» **Work to be completed**: Reproduce the whole listing exactly and let no picture into the copy.

» **Given information**:

·····

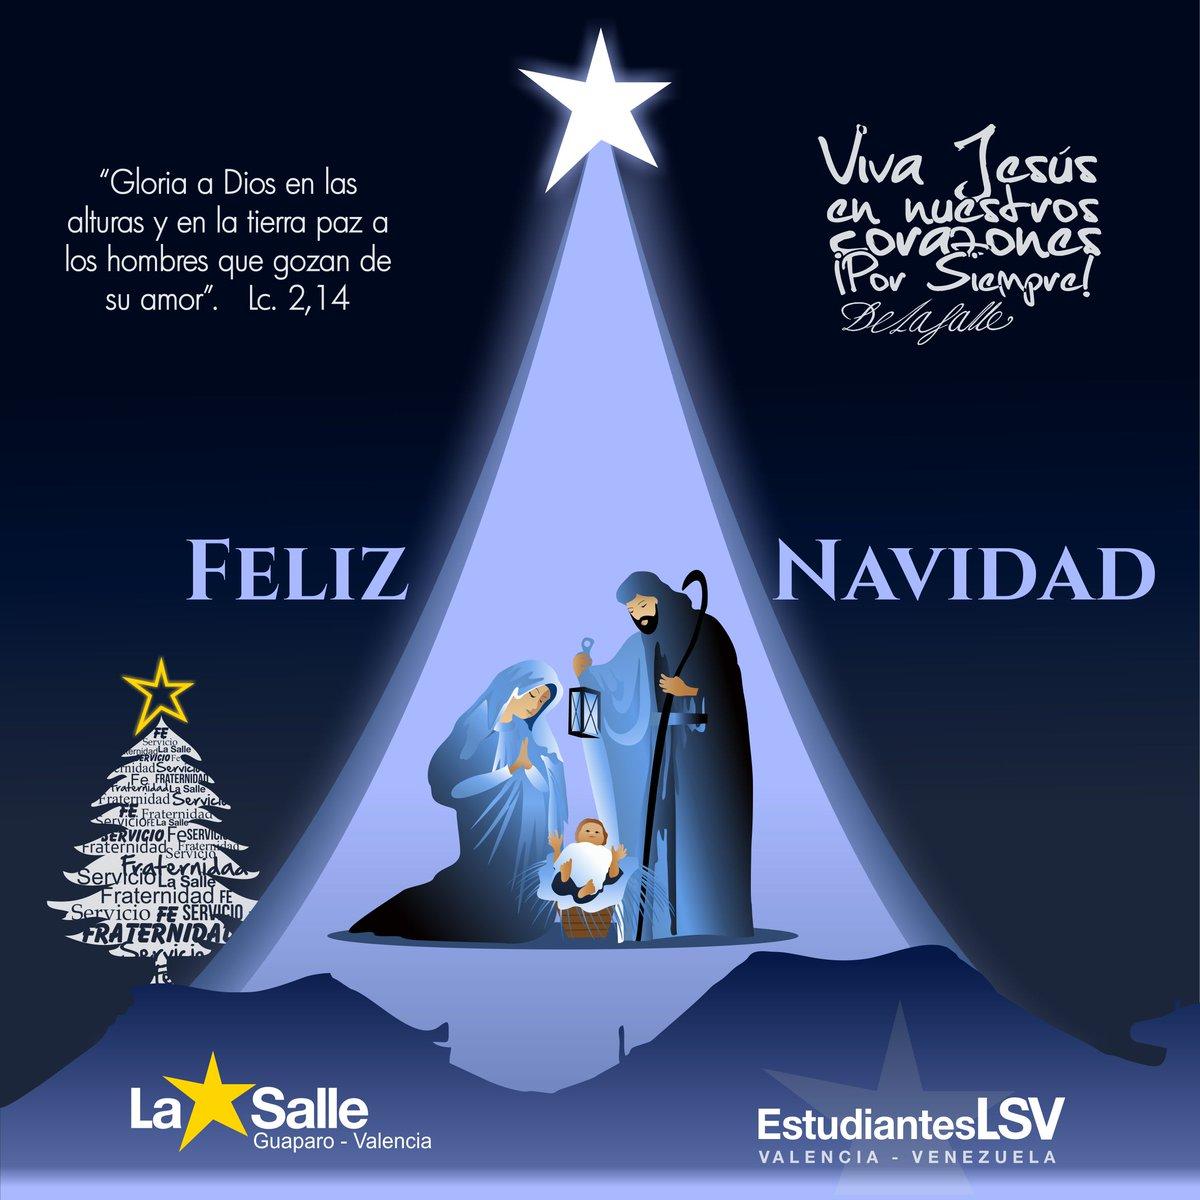 Fotos De Navidad Del Nino Jesus.La Salle Valencia On Twitter Feliz Navidad A Toda La
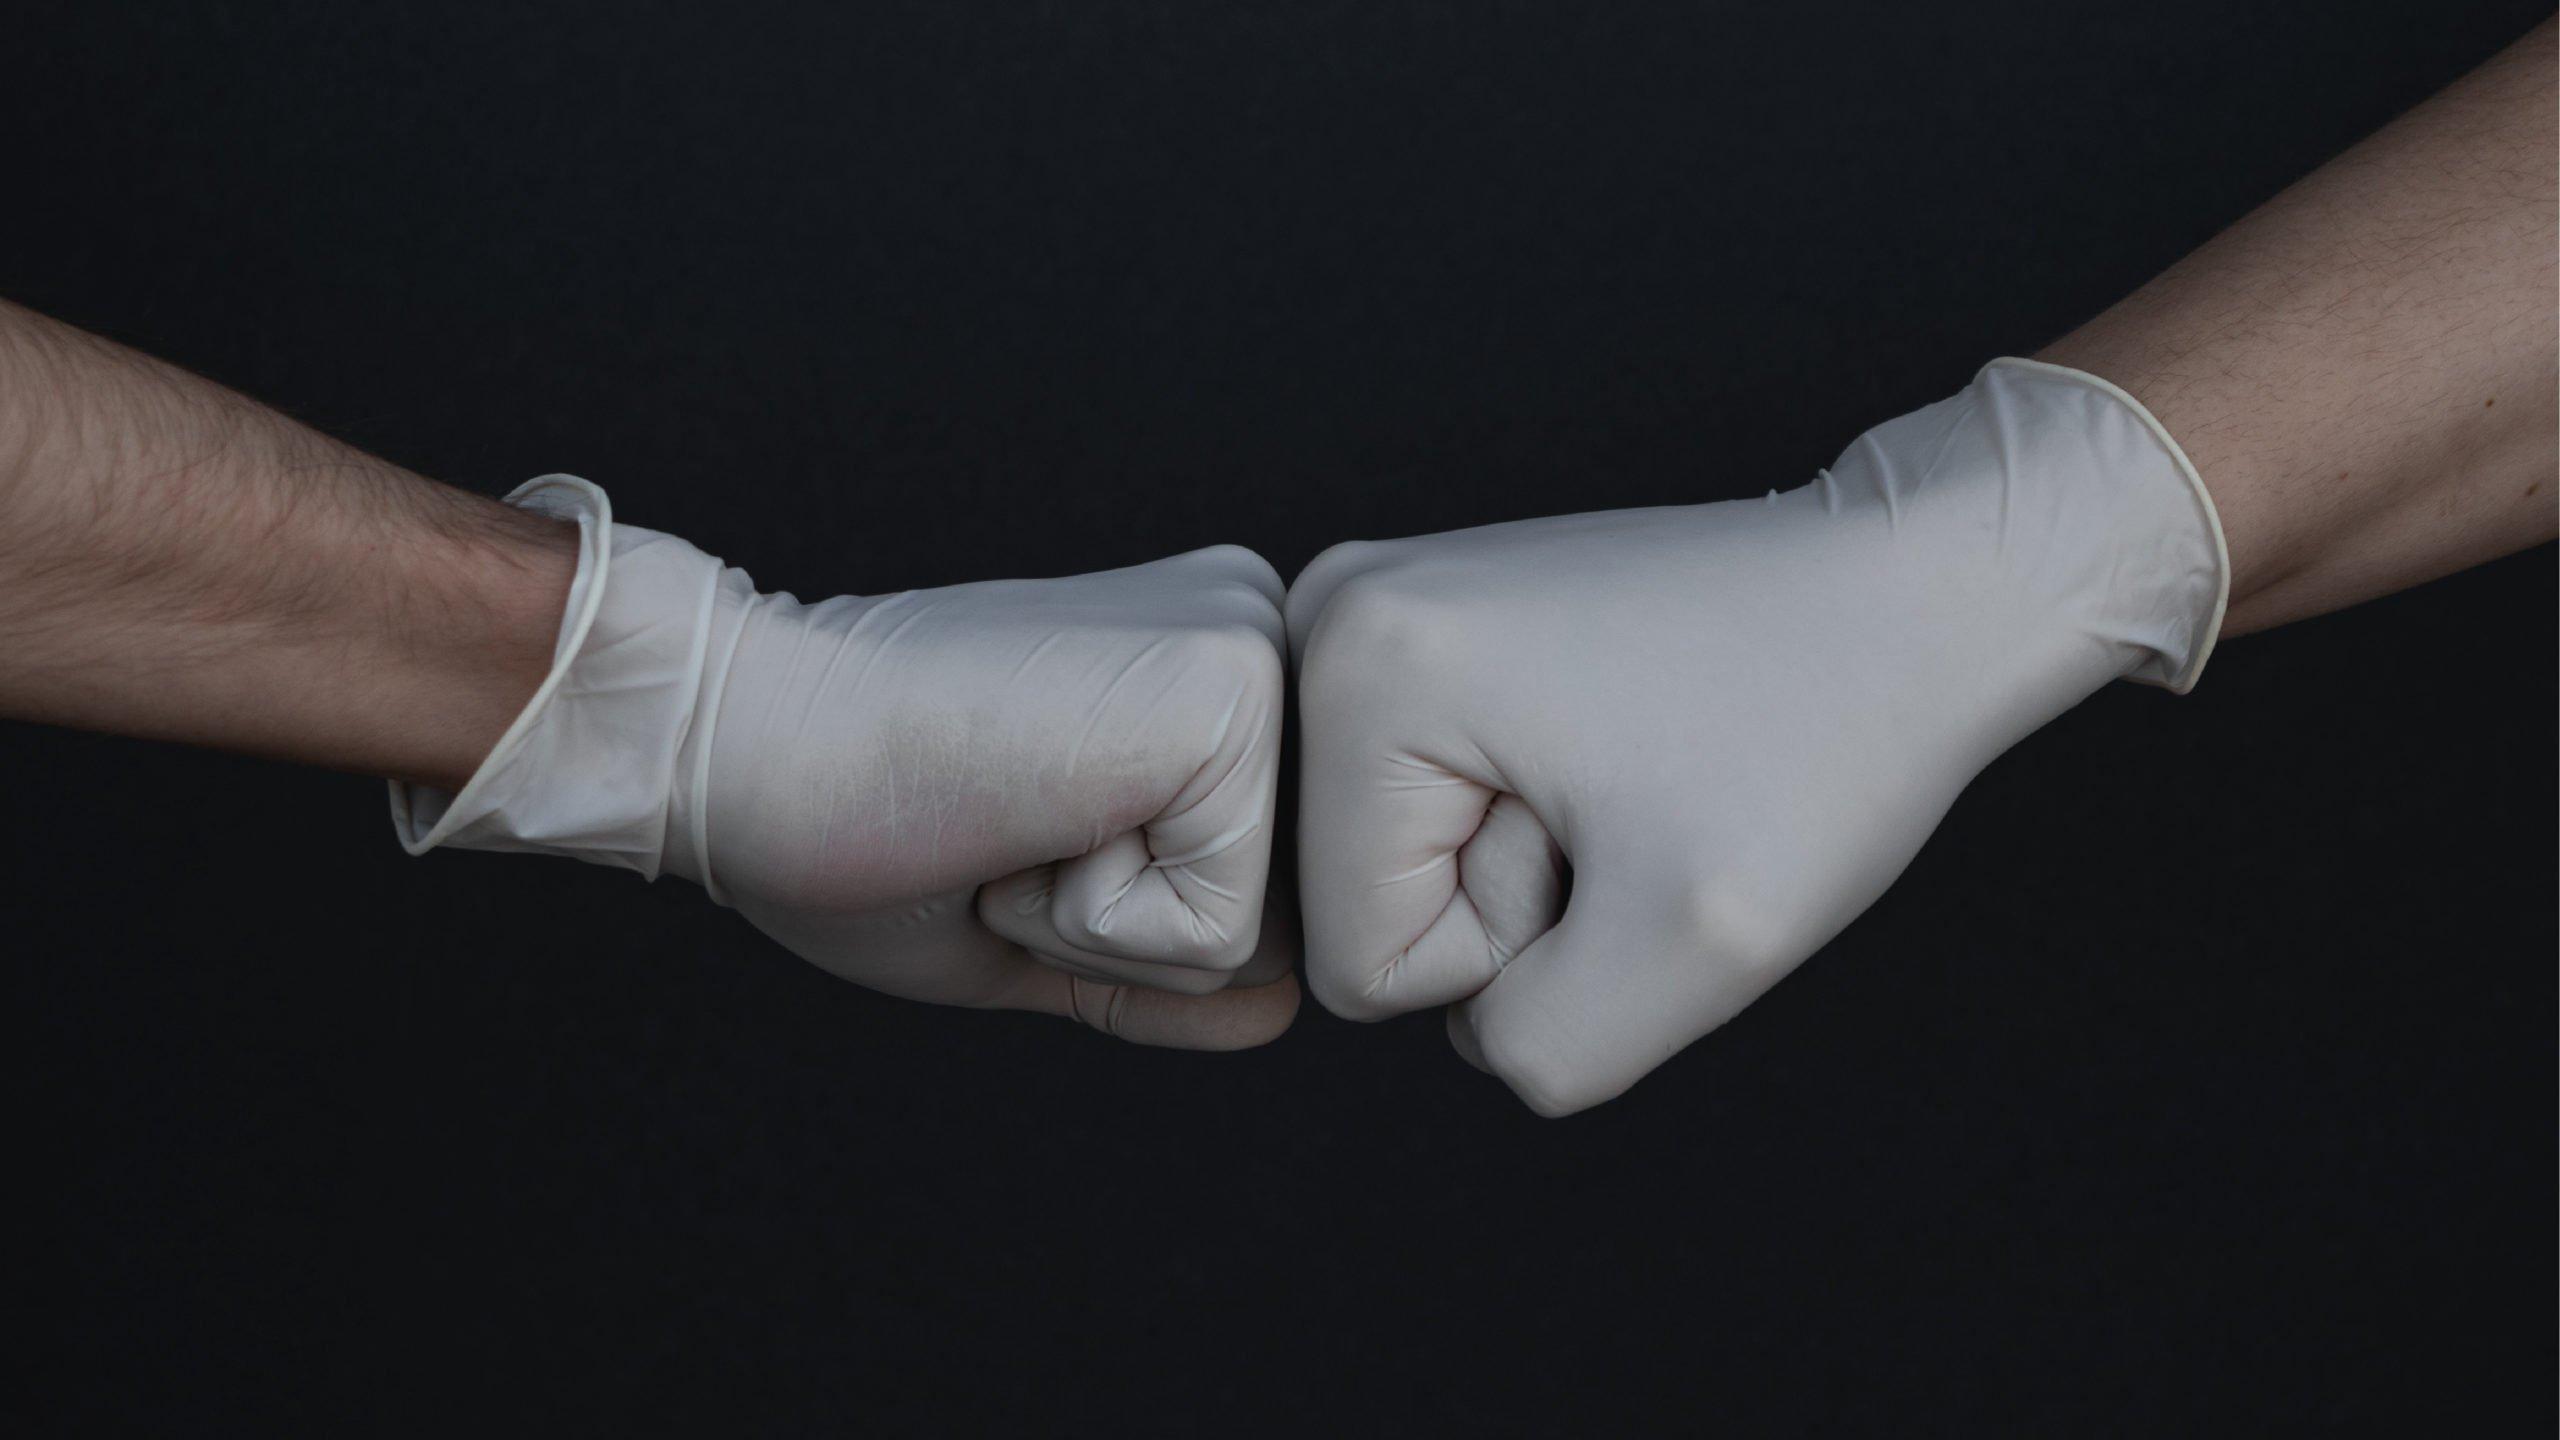 Invertir en salud humana y animal, clave contra pandemias: OMS
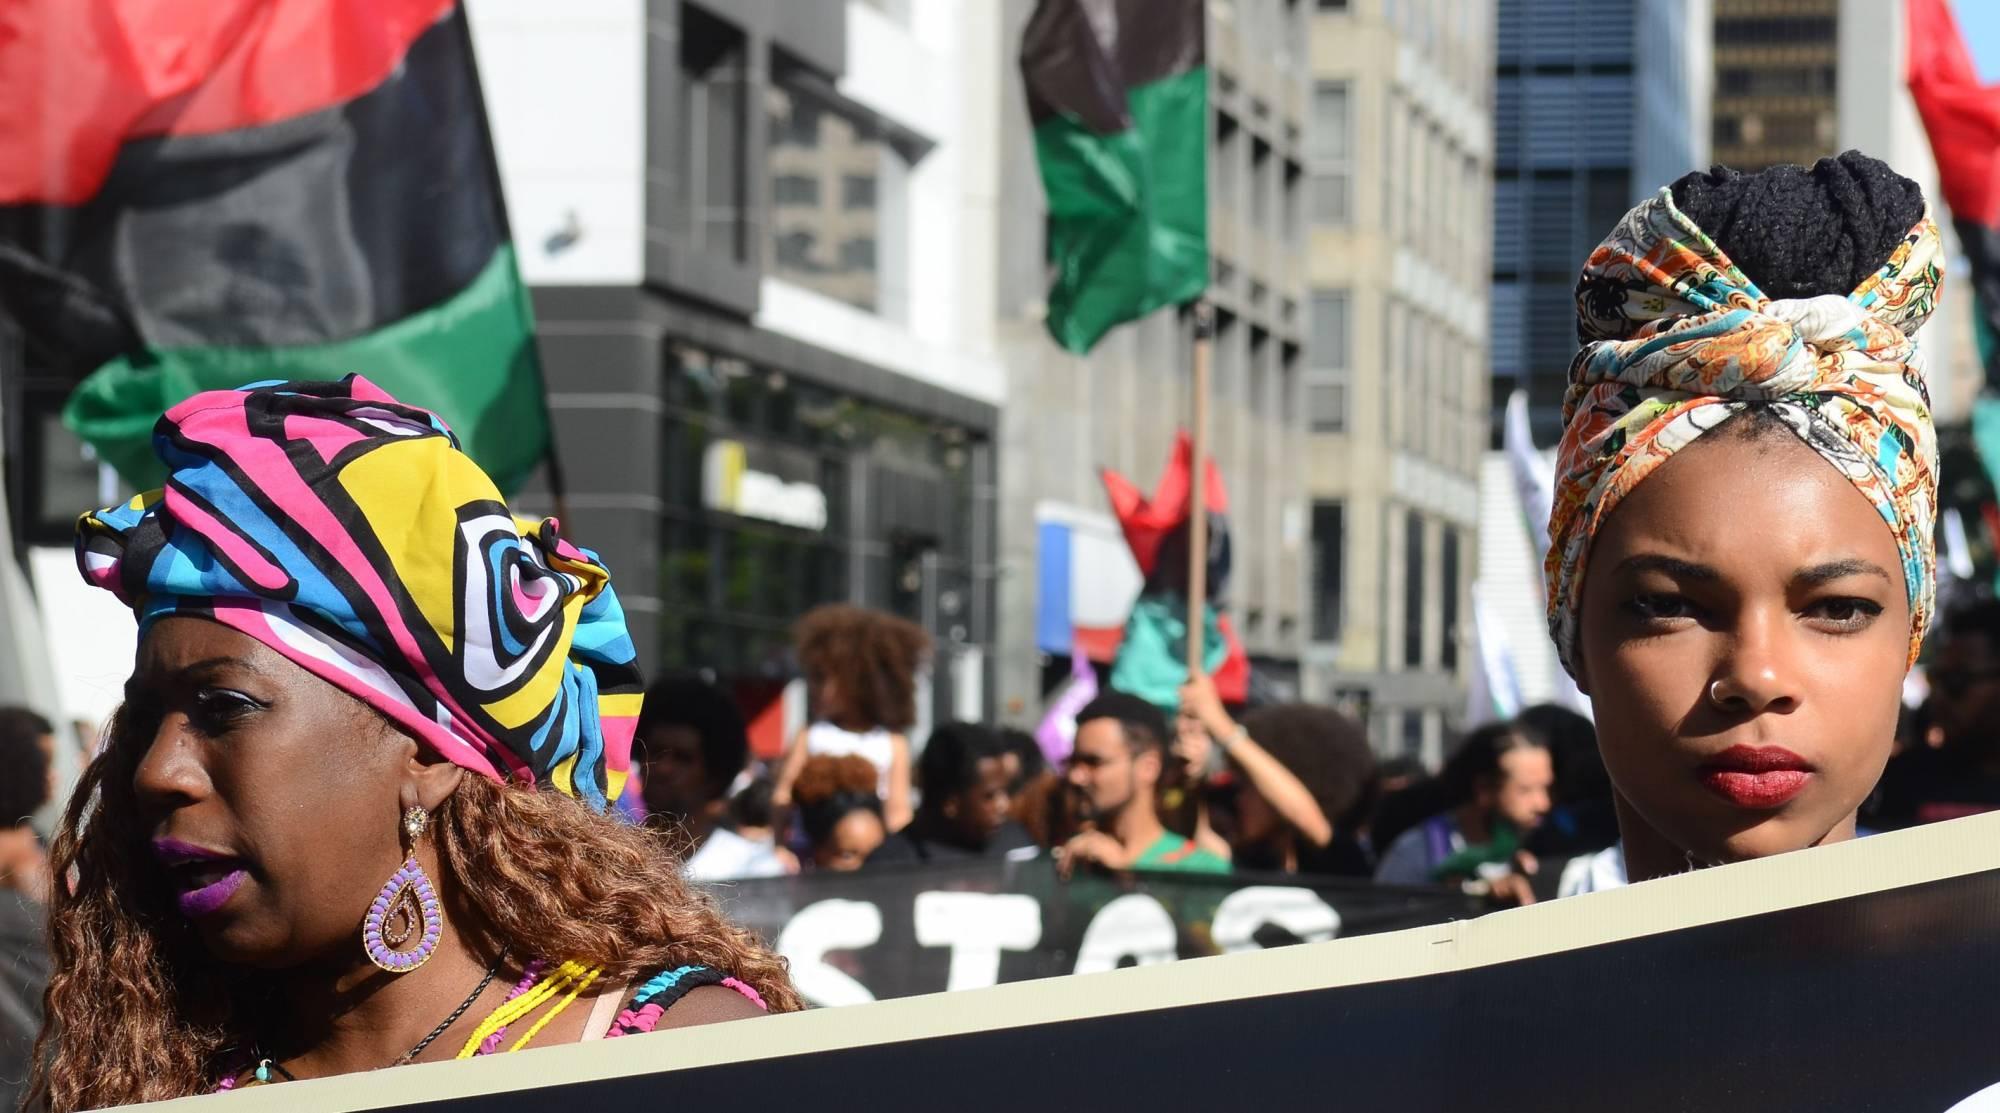 RR_13-marcha-consciencia-negra-em-Sao-Paulo_00211202016.jpg
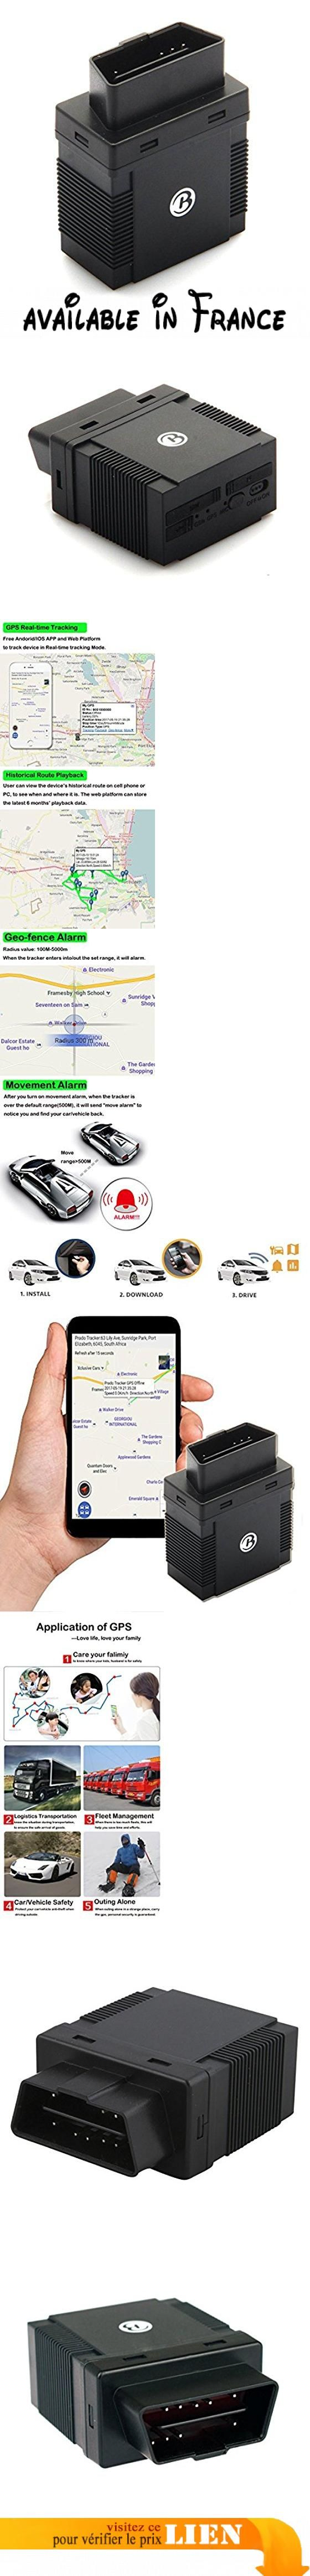 Tkstar, GPS Tracker, véhicule de voiture tracker GPS/GSM/GPRS, EN temps réel GPS Tracker, suivi GPS. & # x2714; application: suivez tout temps et en tout lieu pour l'emplacement des véhicules (location de voiture, camion, moto, congélateur, bateau, etc) de gestion de flotte -anti-theft et anti-perte. & # x2714; savoir où se trouvent vos véhicules: localiser vos véhicules à tout moment avec le suivi GPS. Recevez des alertes lorsque les véhicules ne sont

·····

» **Exercise answer**:
 Fotos De Navidad Del Nino Jesus.La Salle Valencia On Twitter Feliz Navidad A Toda La
 Invertir en salud humana y animal, clave contra pandemias: OMS
 RR_13-marcha-consciencia-negra-em-Sao-Paulo_00211202016.jpg
 Tkstar, GPS Tracker, véhicule de voiture tracker GPS/GSM/GPRS, EN temps réel GPS Tracker, suivi GPS. & # x2714; application: suivez tout temps et en tout lieu pour l'emplacement des véhicules (location de voiture, camion, moto, congélateur, bateau, etc) de gestion de flotte -anti-theft et anti-perte. & # x2714; savoir où se trouvent vos véhicules: localiser vos véhicules à tout moment avec le suivi GPS. Recevez des alertes lorsque les véhicules ne sont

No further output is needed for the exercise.